Task instructions –
In the records below, find the line containing "Vorschau Lebensretter 1/2019" and the line containing "Slipknot - Subliminal Verses". Give again exactly those lines and every line between them, omitting the pictures.

Data for the task –
※
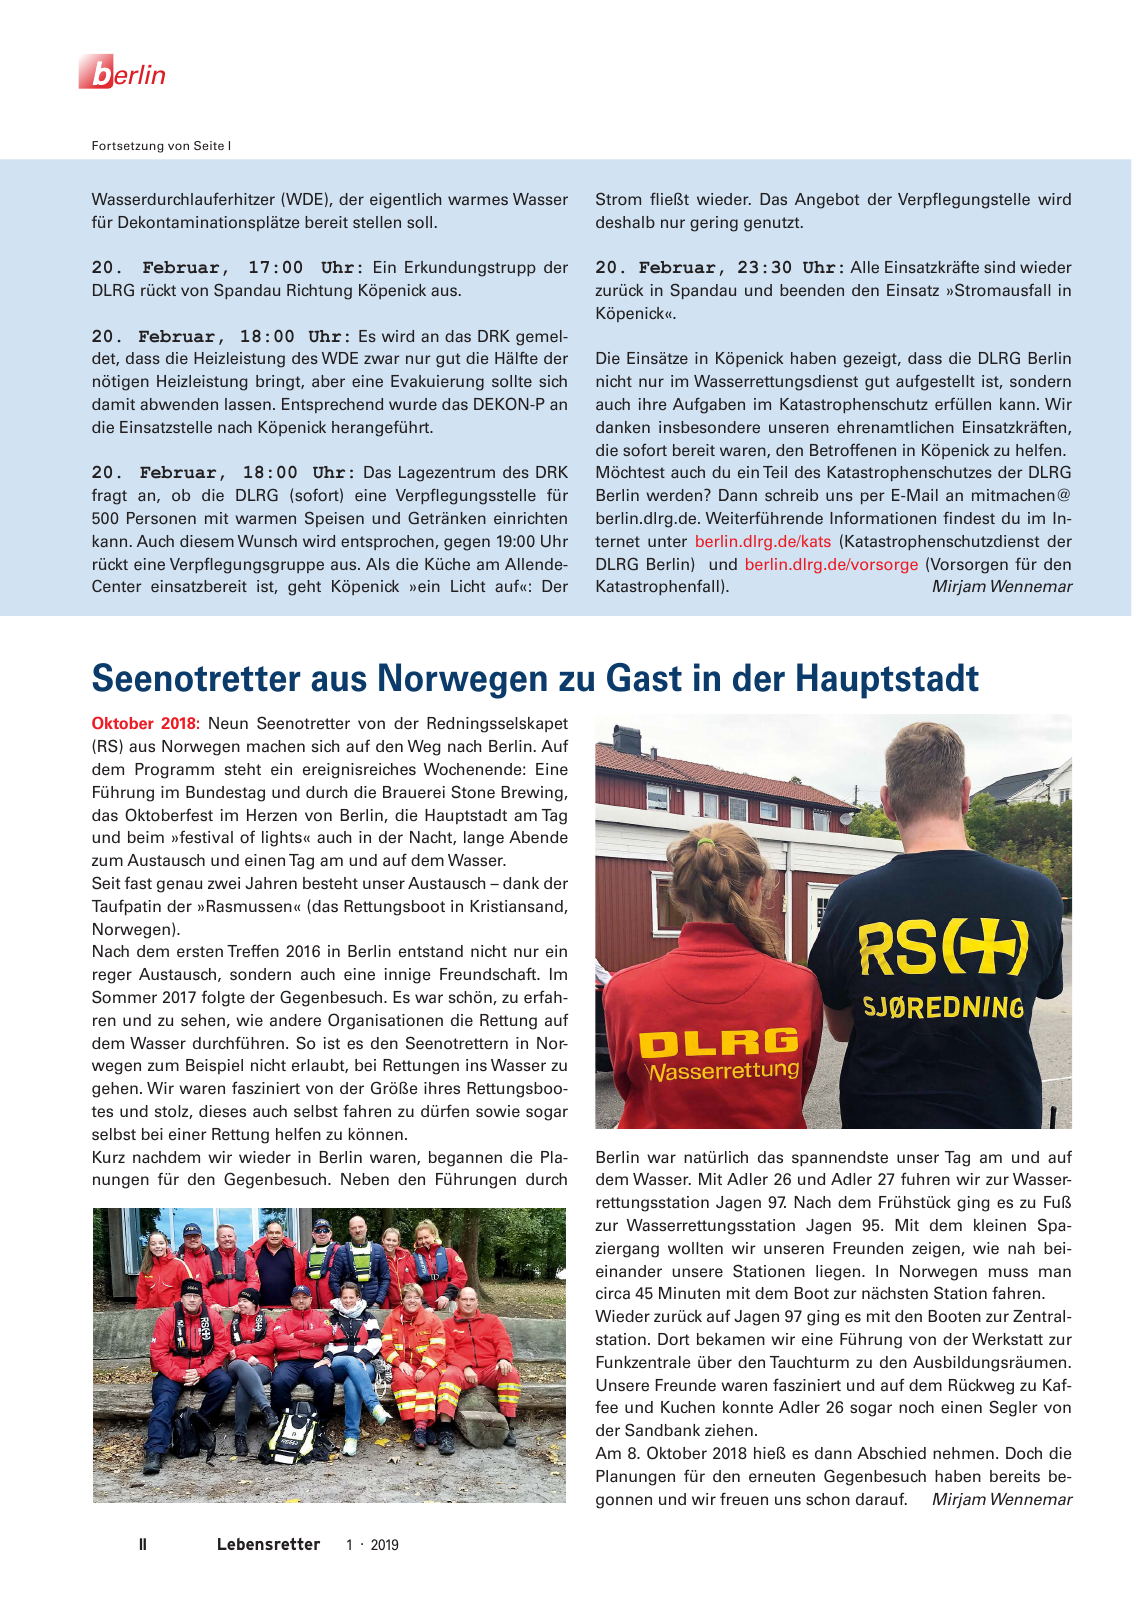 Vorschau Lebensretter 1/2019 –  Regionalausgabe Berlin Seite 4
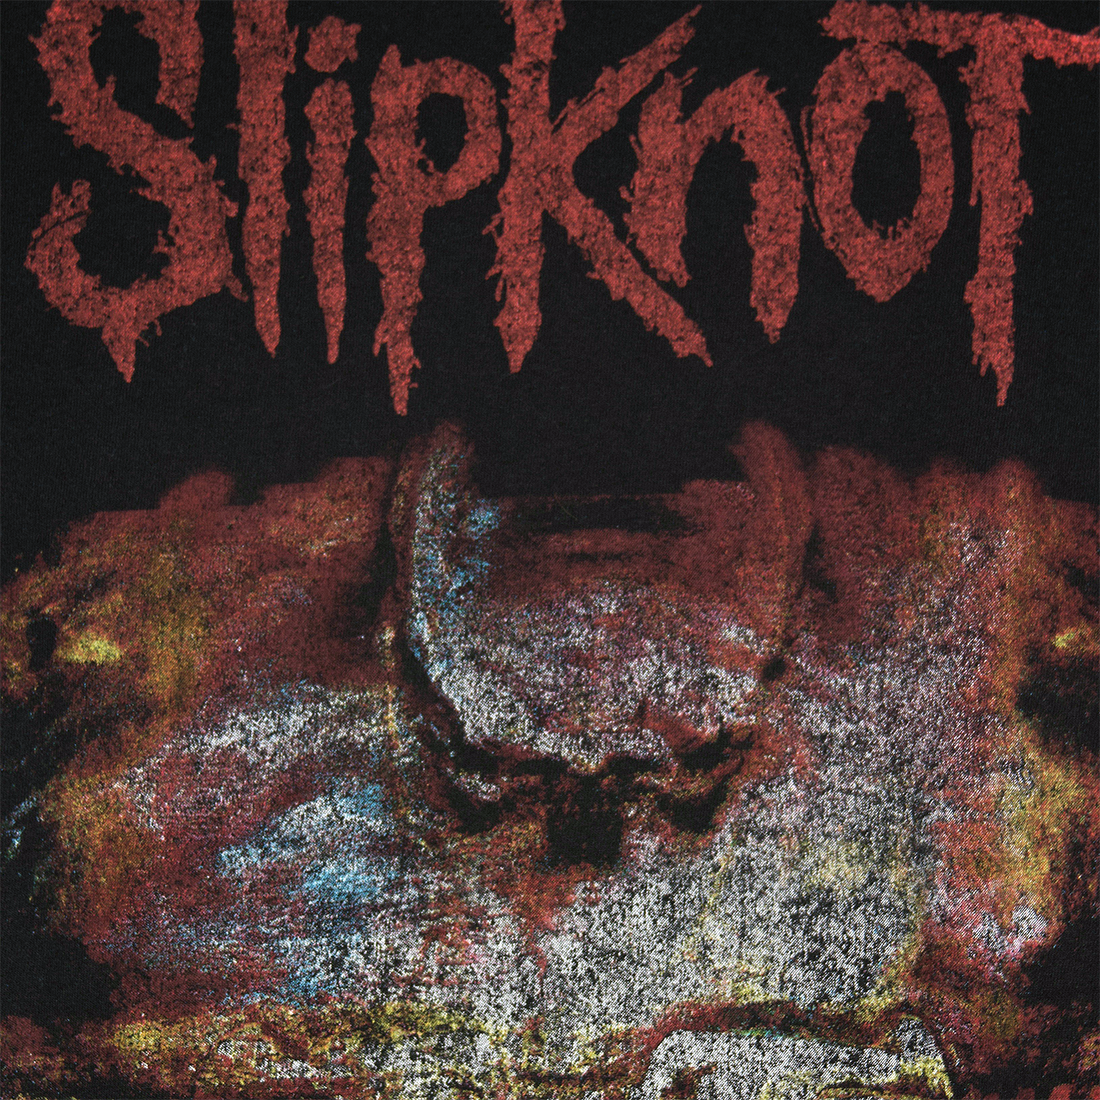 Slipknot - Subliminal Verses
※
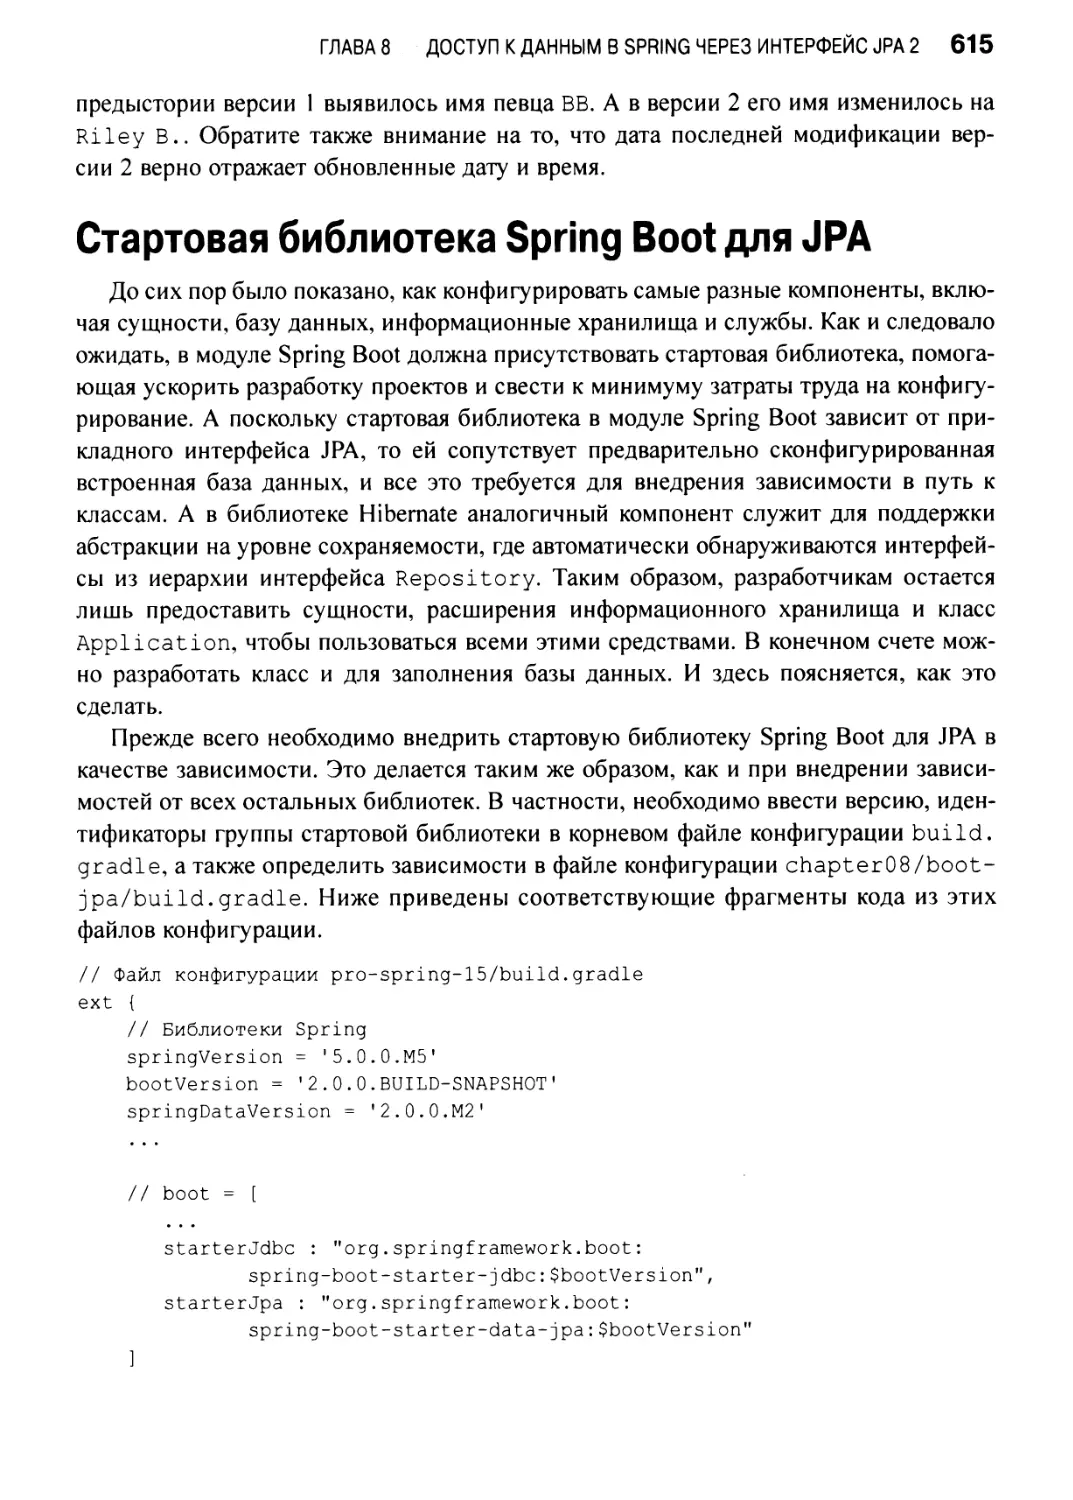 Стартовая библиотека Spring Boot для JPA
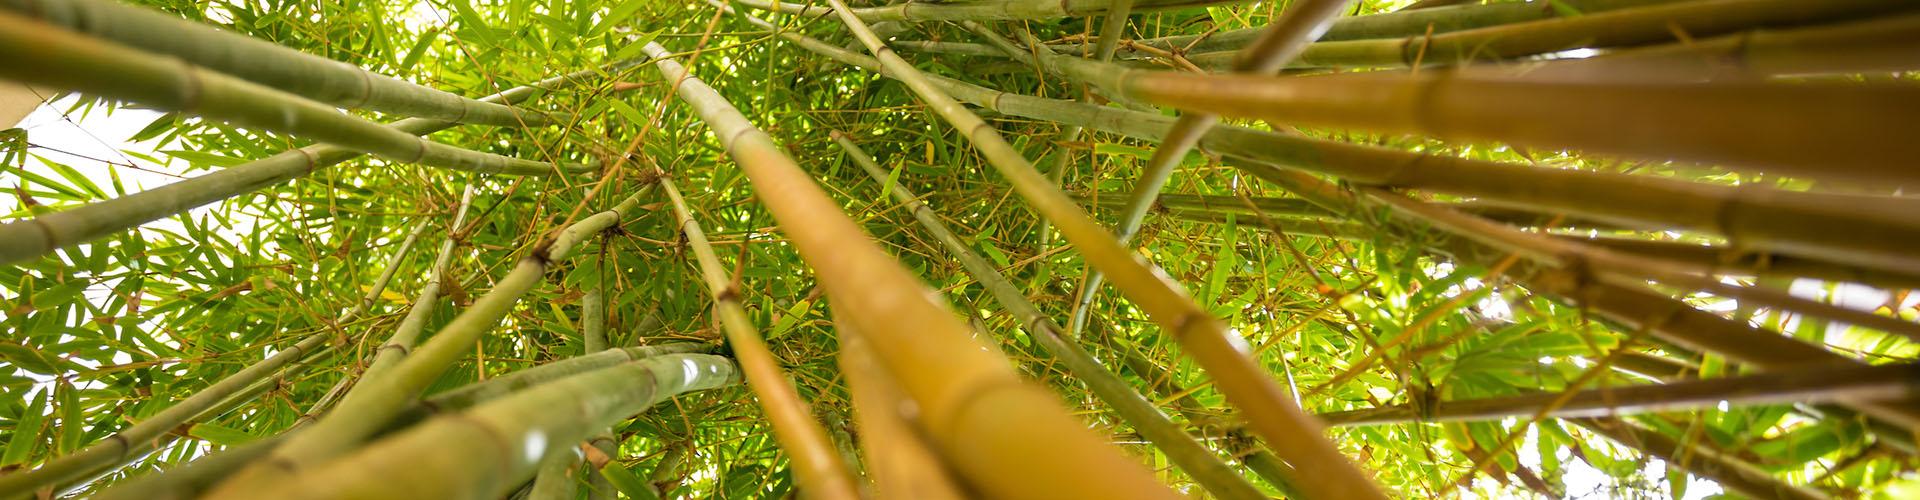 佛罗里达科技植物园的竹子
※
Response area –
 Vorschau Lebensretter 1/2019 –  Regionalausgabe Berlin Seite 4
 Slipknot - Subliminal Verses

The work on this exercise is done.